In Lab 4, you will finalize the design of your single-cycle MIPS processor. Specifically, you will be adding support for branch and jump instructions. In addition, you will add support for a sufficient subset of the MIPS ISA to enable you to run many common applications.

This lab (and the next two) will require much more work than the previous labs and will probably take longer than you expect, so start early.

General Notes

MIPS ISA Subset

In Lab 3, you added a control unit that supported a few basic instructions: LW, SW, ADD, ADDI, SUB, AND, OR, NOR, XOR. However, we will need to add a few more instructions to run a typical application.

This is the subset of the MIPS ISA that you will need to implement by the end of this lab. You will need to modify many parts of your datapath, as well as expanding your control unit. Depending on your implementation, you may need to modify your ALU. You will need to create new modules (i.e., a 4-input MUX, a zero-extender, etc.). We will not be providing a schematic for you for this lab. Before testing your project with the example applications below, you will be required to implement the remaining instructions. Use page A-50 of your textbook to see how each instruction is encoded.

Subset of MIPS ISA
Branches & Jumps Loads & Stores Arithmetic & Logic
BEQ
LB
ADDU
BNE
LH
ADDIU
BLTZ
SB
SUBU
BGEZ
SH
ANDI
BLEZ
LBU
ORI
BGTZ
LHU
XORI
JUMP
LUI
JR
SLT
JAL
SLTU
JALR
SLL
SRA

Branches & Jumps

There are many types of the branch instruction, but their basic function is to change the program counter (PC) based on the evaluation of some condition. This instruction enables the if-else, while loop, and for loop contructs in typical programming languages. The jump instruction is similar in that it is capable of changing the PC, but does not require evaluating any condition. The jump-and-link instructions are used for function calls.

Your design will not include a branch delay slot.

As a reference, you should use Figure 4.24 on page 271 in the textbook. The top third of the figure includes most of the logic that you will need to implement. Be advised that the figure does not include the logic necessary to implement JR, JAL, and JALR.

Store Byte and Store Half

The SB instruction stores the low-byte of a register to memory. The SH instruction is similar, except it stores the low two bytes of a register to memory. We have already included support in the async_memory module for the SB and SH instruction. The data_memory module has a port called size_in. You will have to modify your control unit to set this signal appropriately. It is a 2-bit input, but only accepts three possible values:

Load Byte and Load Half

The LB instruction returns a sign-extended byte. The instructions lets you specify any byte within the four-byte word (using the last 2 bits of the address). Therefore, you must include logic for shifting the output of the data memory to be in the least-significant position and sign-extending it. In other words, if I request the byte at address 0x03 and the word at that location is 0x80000000, I should return 0xFFFFFF80. The LH word is similar except it returns a shifted, sign-extended two-byte half instead of a single byte.

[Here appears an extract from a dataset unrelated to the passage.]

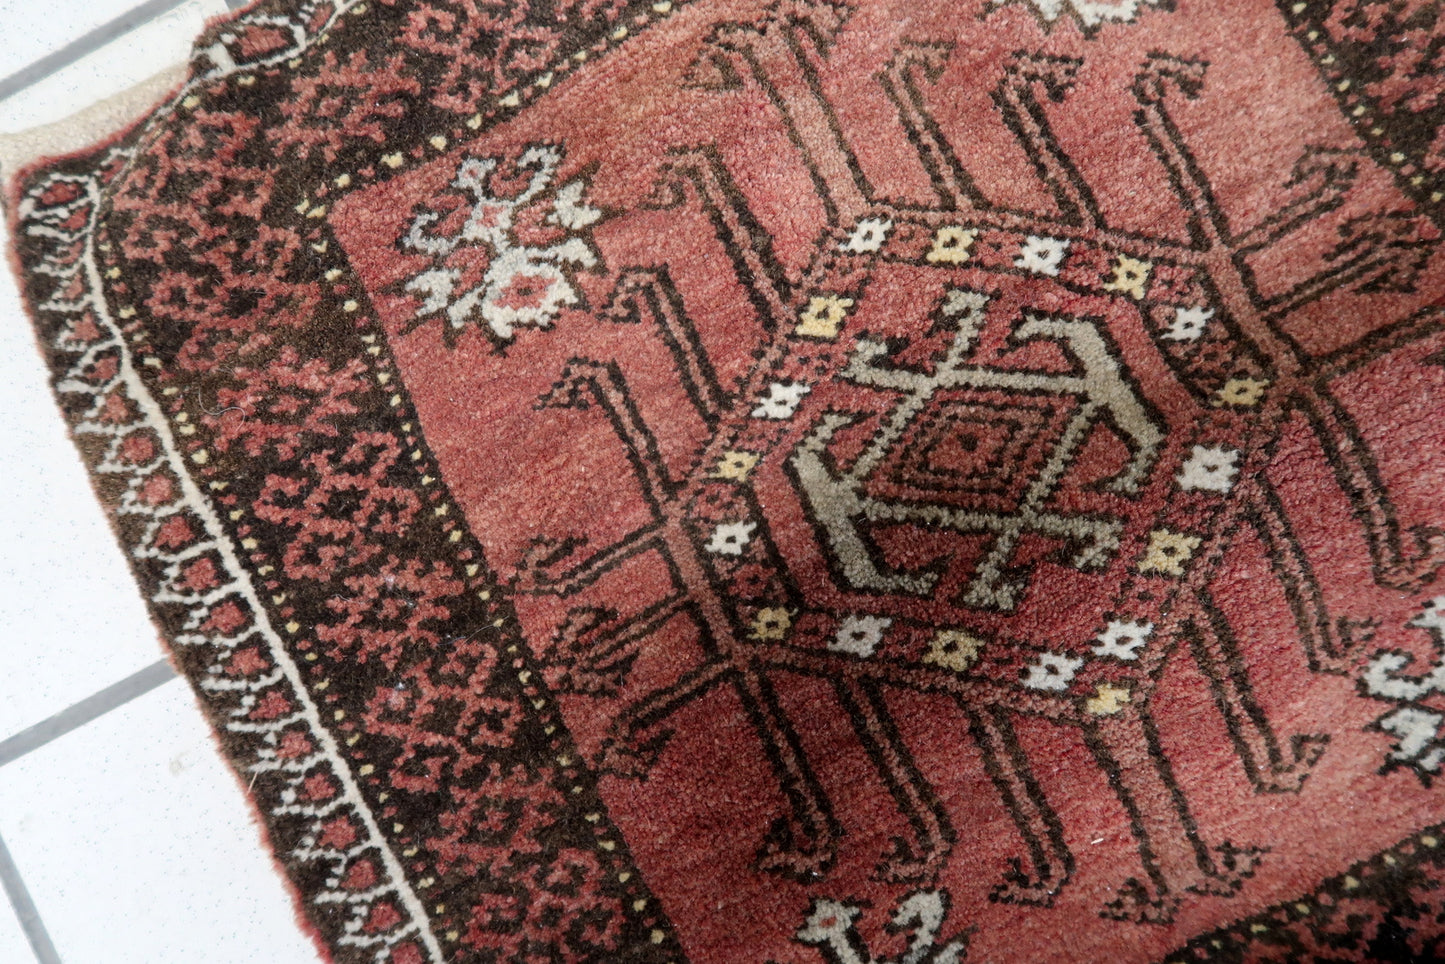 Close-up of the geometric motifs woven into the fabric of the saddle bag

The LBU instruction is similar to the LB instruction, except the byte is zero-extended. Therefore, in the previous example, if I request the byte at address 0x03 and the word at that location is 0x80000000, I should return 0x00000080. The LHU instruction acts similarly except it returns a half-word (two bytes) instead of a byte.

Your design will not include a load delay slot.

Task 1: Update your schematic from Lab 3 or draw a new schematic that shows the additional logic you will need to add to your processor to implement the remaining instructions in the MIPS ISA Subset.

Task 2: Create a table that outlines the values of each of your control signals with respect to the current instruction. In the first column, include a row for each output signal your control unit will have. Label the top of each other column by the instruction(s). Fill in the table with the values of the control output signals for each intruction or group of instructions. If you recognize that a group of instructions share the same sontrol signal output values, you may consolidate them into a single column to save space. (You could reference the lab preview slides)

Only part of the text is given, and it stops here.